Remarkably, McKinsey was at that point demanding—and receiving—a substantial price premium over even its closest competitors. A “Competitive Assessment Review” from June 1989 showed just how powerful the brand had become. In a proposal for a large financial institution, Booz Allen Hamilton had offered to do the work in four to four and a half months, for $125,000 a month plus expenses, or about $675,000. McKinsey required more time—five to six months—and $175,000 per month plus expenses, a total of $1 million to $1.21 million.
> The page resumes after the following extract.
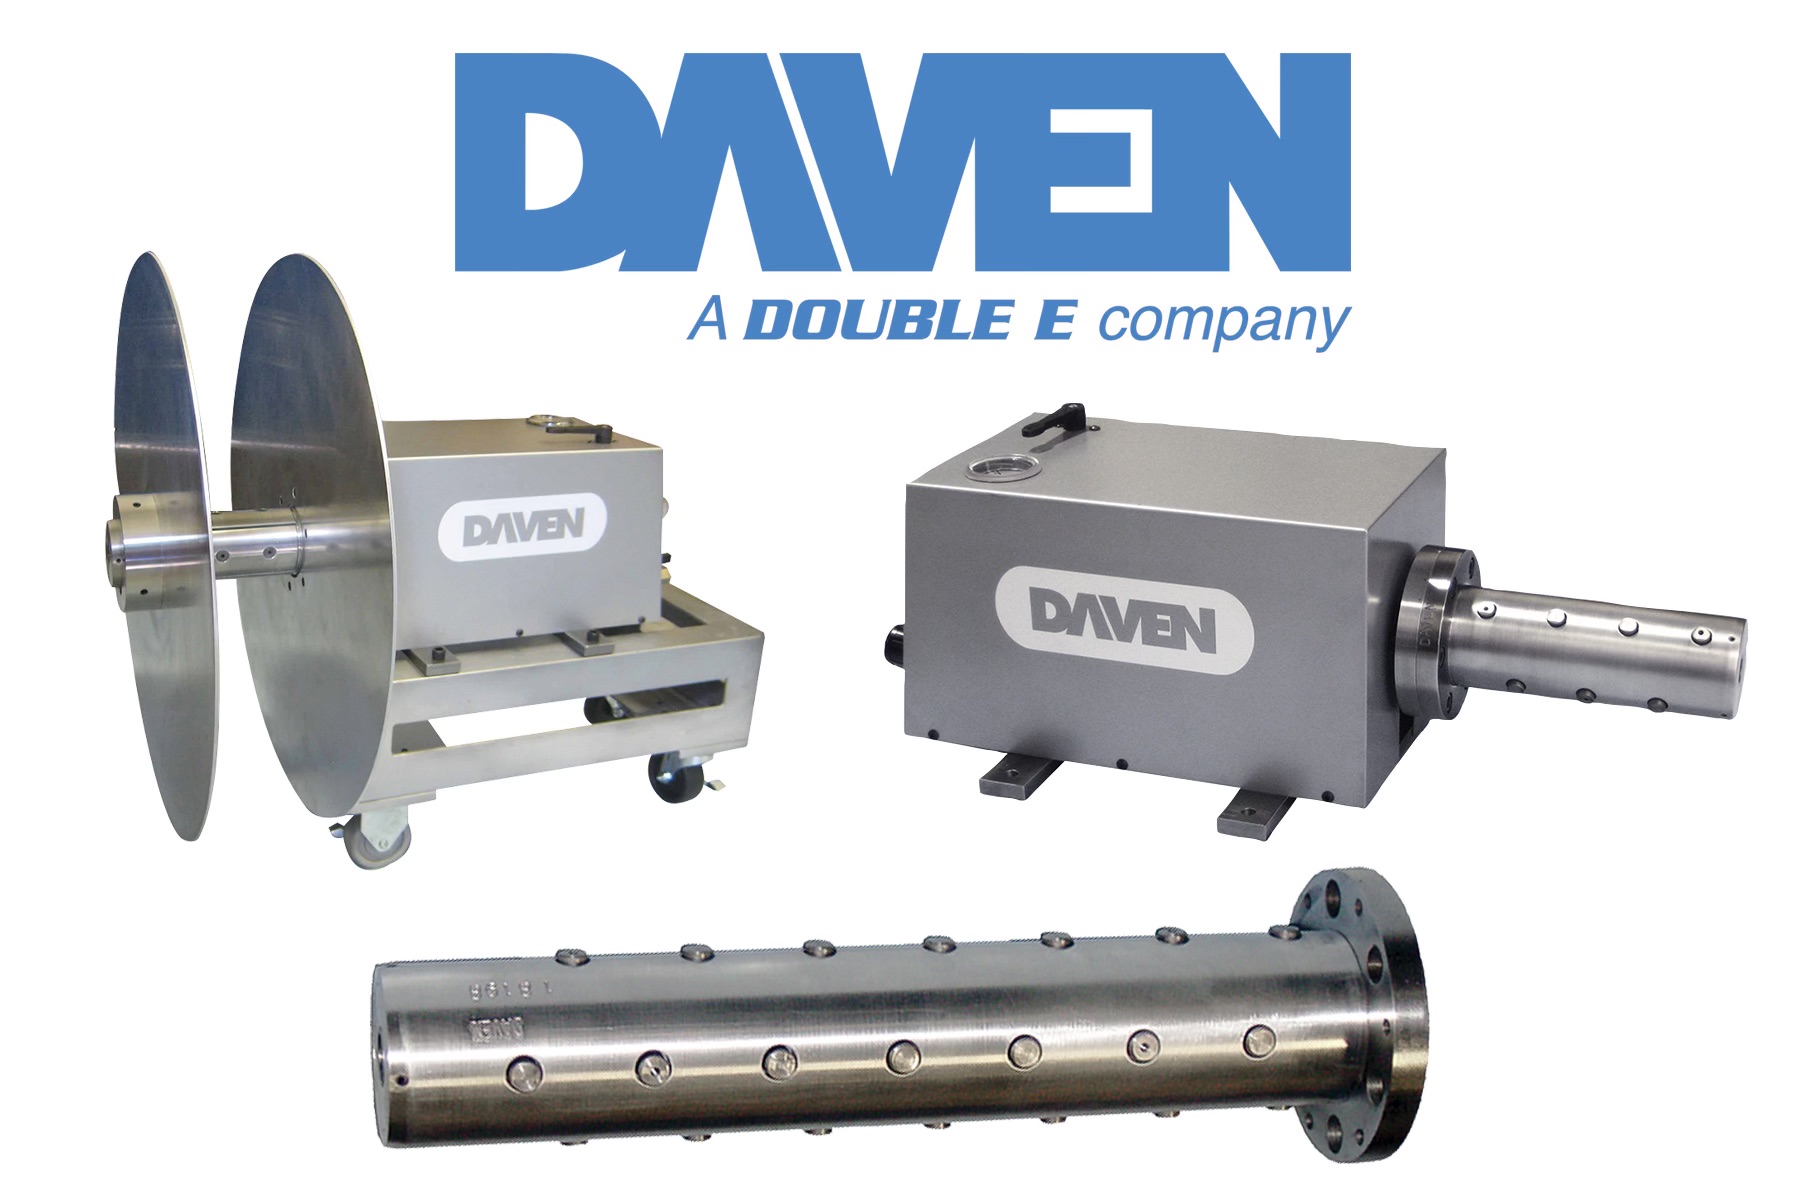 Daven logo and products

Despite its nearly double price tag, McKinsey won the assignment.
In 1982 McKinsey’s revenues per professional had been $180,000; by 1988 they were $320,000; and by 1992 they were $387,000. Booz Allen Hamilton pulled in just $200,000. And even if Andersen Consulting was by that point larger than McKinsey, its own revenues per professional were less than a third of McKinsey’s.16 It had always been Marvin Bower’s contention that McKinsey had no competition. As the years went on, the more right he became: If your direct competitors can bill at only 60 percent of your level, are they really even competing with you? On the other hand, deep down, McKinsey viewed some firms as threats. “Monitor, though only founded in 1983, is becoming a formidable competitor for the firm,” read one internal report. Booz, on the other hand, “[does] not pose a great threat to McKinsey’s overall preeminence in management consulting.”
Occasionally McKinsey consultants wondered whether they were pushing a little too far on the fee front. Some of their clients told them that they were. In a letter consultant Tom Steiner wrote to his colleagues in the New York office in 1990, he related a conversation with Chase Manhattan executive Mike Urkowitz. “[In a discussion] . . . several weeks ago [he] got up and closed his door and said that among his banking peers at conferences and other gatherings McKinsey’s prices were a subject of conversation,” Steiner wrote. “He said, ‘We all have the view that you won’t do anything for less than $1 million. You have a problem.’ ”
Still, as recently as the late 1980s, McKinsey’s fee arrangements with clients remained shockingly informal. The firm did not deign to explain to clients like Federated Department Stores how it arrived at a fee of $200,000 a month plus expenses—it was a take-it-or-leave-it proposition. In an interview with Fortune, Amsterdam office manager Mickey Huibregtsen said that the high fees were in the best interests of the company’s clients as well as McKinsey, because “they protect us from not being taken seriously by the client and that protects the client from having the wrong studies done.